Her peers were incompetent.

They had allowed one Sage and one Herald to walk straight into their strongholds and take whatever they wished, like children plucking candy from the shelves. Now the Dreadgods were coming to her territory, again, as always seemed to be the case these days. Once the Weeping Dragon arrived, she would have the distasteful distinction of ruling over the only continent since the Dread War to have been invaded by all four Dreadgods inside five years.

These children had slapped her in the face publicly with their every action. She’d raised Lindon and Yerin like they were her own, and they’d prospered in her territory. Even represented her in the Uncrowned King tournament. She’d allowed her own daughter, her favored daughter, to shirk her responsibilities and travel with them.

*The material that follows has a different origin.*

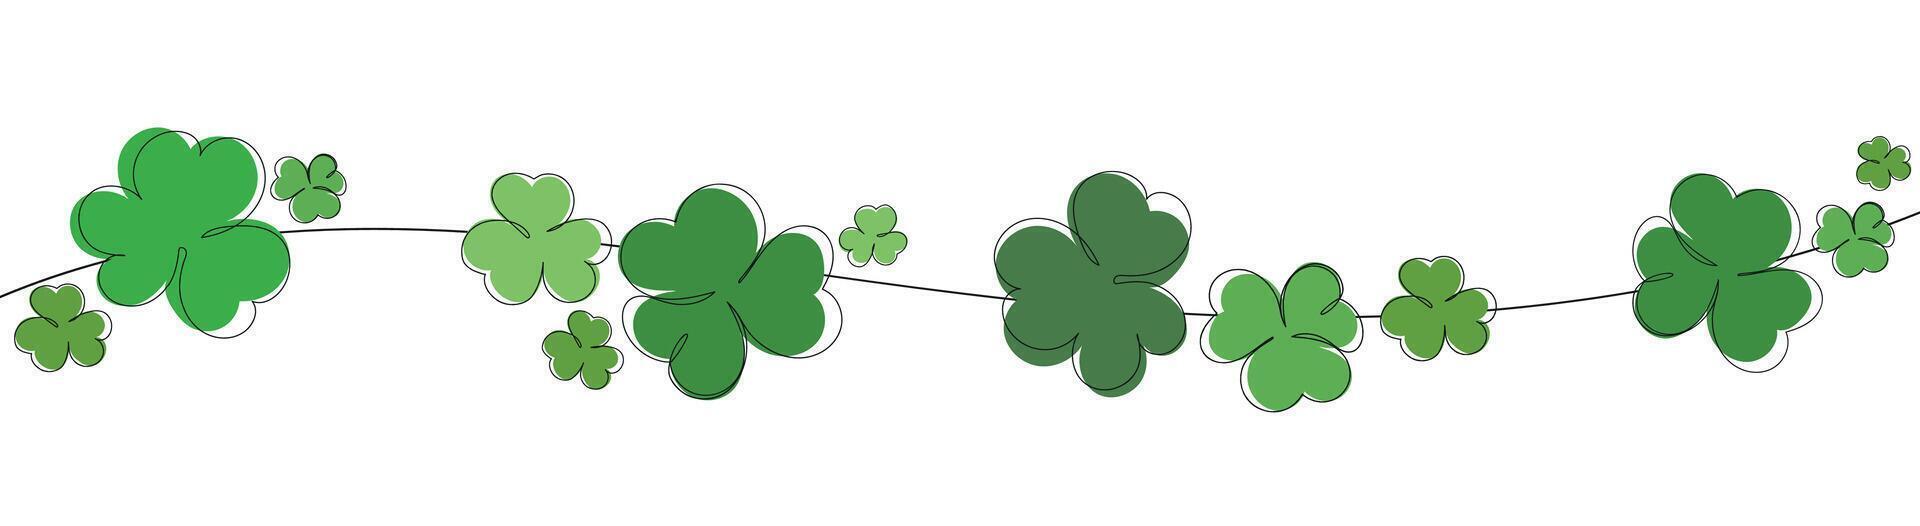 Lucky green clover for Irish festival St Patrick s day. Outline shamrock. Clover border divider line. St Patrick's day background with shamrock. Green beads with clover leaf, border, banner vector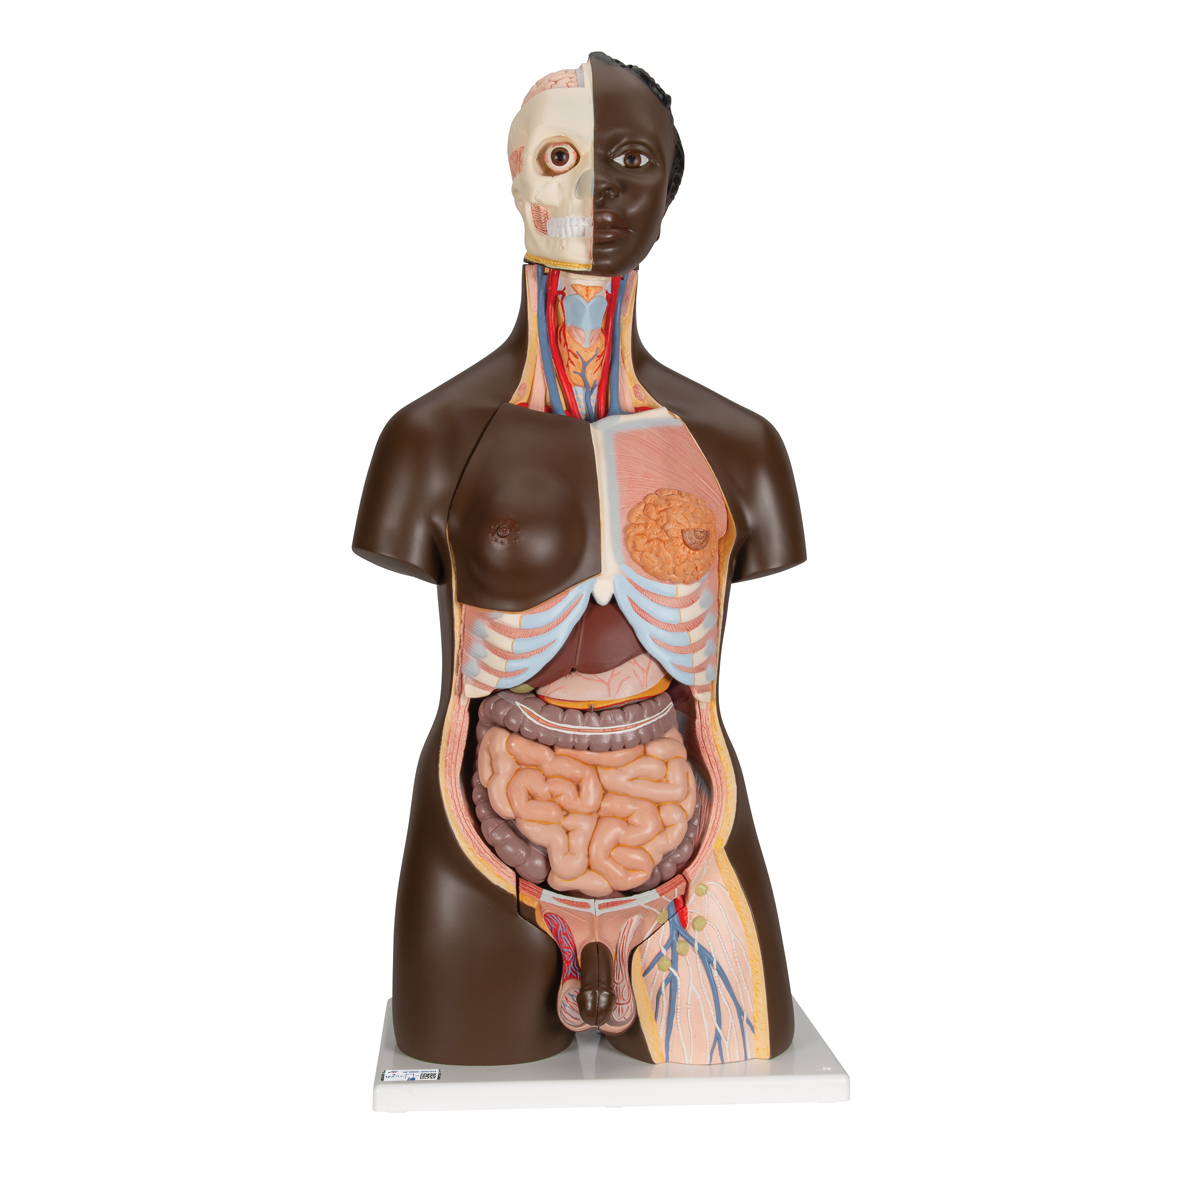 Torso Model, mit weiblichen & männlichen Geschlechtsorganen, 24-teilig - dunkle Hautfarbe - 3B Smart Anatomy, Bestellnummer 1000202, B37, 3B Scientific

In exchange, they were working to topple everything she’d worked for.

The message in the Dreamway was the flame that would ignite their funeral pyre. It was not an insurmountable problem on its own; the average person wouldn’t see the message, wouldn’t comprehend it, and couldn’t do anything about it if they did.

Over the years, there had been other leaks of information that had been easily controlled. “The Monarchs and the Dreadgods are working together!” was a popular conspiracy theory, especially as most never received a full education on the history of the Dread War.